The 3 categories that were exhibited in the previous paragraph are illustrated in Figure 4. Three normalization methods representing the 3 groups of methods distinguished in the previous paragraph were chosen, that is, the Max method, another 1-parameter method (Mean), and a 2-parameter method (DSC-2).

Not surprisingly, these methods differed noticeably in the first category (Fig. 4A). Normalized images were apparently either not enough saturated or too much saturated for methods Max and DSC-2, respectively. From the global visual aspect, the most satisfactory method was probably the Mean method in this particular case. Number, size, and intensity of hot spots also changed significantly in the subtraction images between the 3 classes of methods. In this case of hemispheric atrophy, extensive abnormalities were already present in the interictal state, and the whole brain seemed to be variably involved in the epileptic process; it was thus difficult to know which subtraction image better approached the clinical reality. However, clinical seizure and SPECT–MRI overlay images had shown right frontotemporal involvement, which is compatible with the findings of subtraction images obtained by all normalization methods apart from the Max method. Also, the contralateral temporal spot, which is exhibited with all methods but the Max method, is clinically plausible.

For the second category (Fig. 4B), the Max method differed to a variable degree from the other 2 methods. In the example shown here, the ictal images were slightly undersaturated for the Max method, leading, in the subtraction image, to a smaller and less intense difference in the right temporal region, when compared with the other 2 methods. Despite the consistency of ictal electroencephalography and SPECT–MRI overlay images with this temporal spot, the state of this patient (patient 4) was not improved after surgery. Other foci exhibited in the subtraction images, as well as surgical sequelae, might explain this outcome. The 2 patients of this category presented with limited abnormalities consisting of a focal area of hypoperfusion on interictal SPECT images.

For the last category (Fig. 4C), all methods gave similar normalizations and hence comparable subtraction images. In the case of patient 2, shown here, clinical seizure, electrocorticography, MR images, and SPECT–MRI overlay images gave a concordant right frontal localization, but overlay images and subtraction images showed bilateral involvement. The unilateral surgery was not successful in this patient. In patient 5, on the contrary, the right frontal focus exhibited in all subtraction images and consistent with MRI and electrocorticography was successfully cured by a right frontal lobectomy. The 3 patients of this category had interictal SPECT images visually interpreted as normal.

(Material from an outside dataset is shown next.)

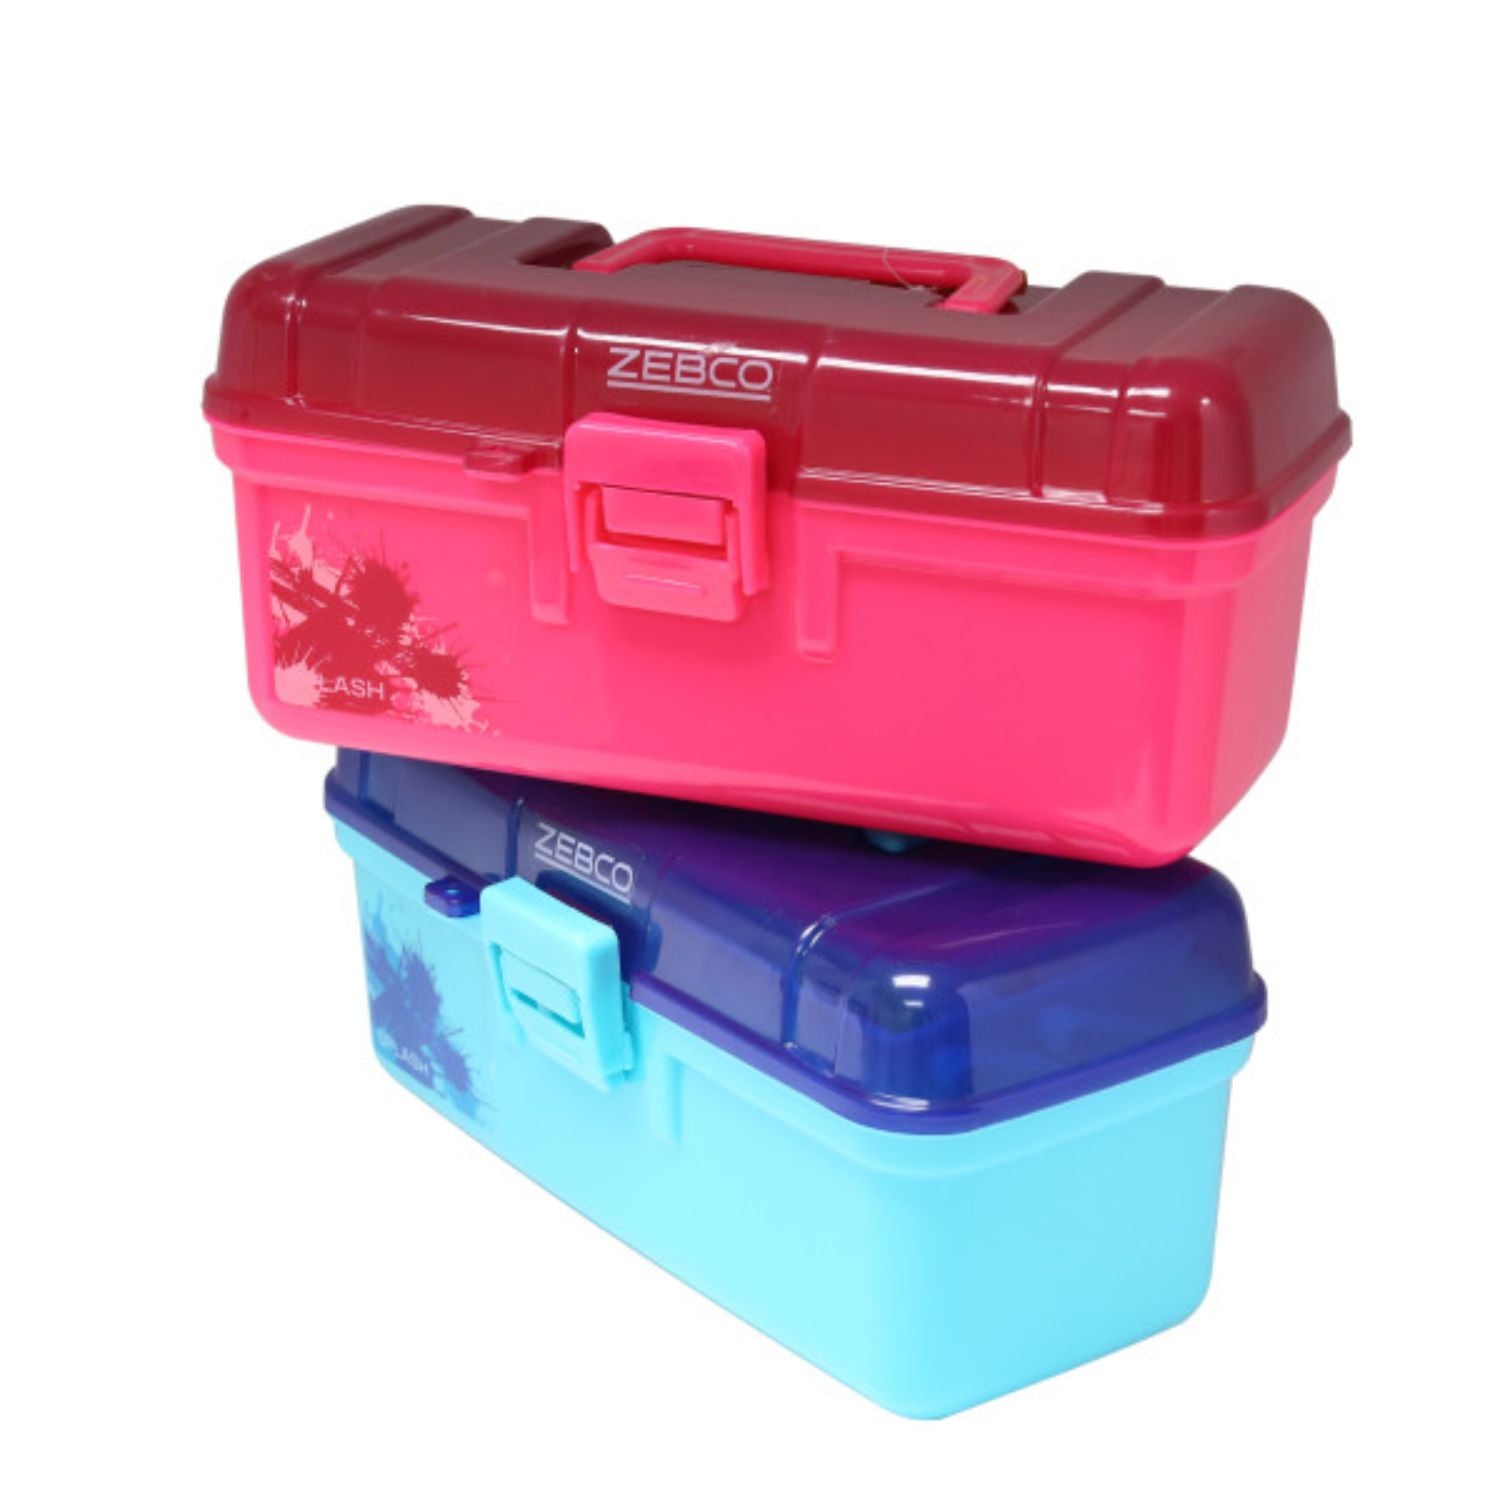 Zebco Splash Tackle Box ASST Blue and Pink With ASST Tackle – The Infidel Co

### 3D Display and VOI Analysis

An example of reference, mobile registered normalized, and difference images is displayed in Figure 5. Numeric results are given in Table 6. In the column showing the ictal-to-interictal ratios of the means in cerebellar VOIs, the ratio corresponding to method Mean deviates from 1 for patients A and C. This deviation illustrates the above-mentioned impact of the reference volume choice on normalization. As expected, the 3 types of normalization methods exhibited large discrepancies for patient A, a noticeable discrepancy between method Max and other methods for patient B, and comparable results for patient C.

## DISCUSSION

Gray-level normalization has been addressed in different contexts (6–10,16–18). Finding the optimal gray-level normalization method for comparing 2 scans from the same patient is not simple. This normalization is, however, mandatory, whatever method may be used for the comparison. In the case of epilepsy, ictal and interictal images are currently directly compared (5,19–21) and subtraction images have become a standard (9,11,18,22–26). Registration and normalization should also precede any VOI analysis, making it more accurate than if performed separately. The normalization method (reference volume, normalization criterion, and model), its validation, and some limitations are discussed below.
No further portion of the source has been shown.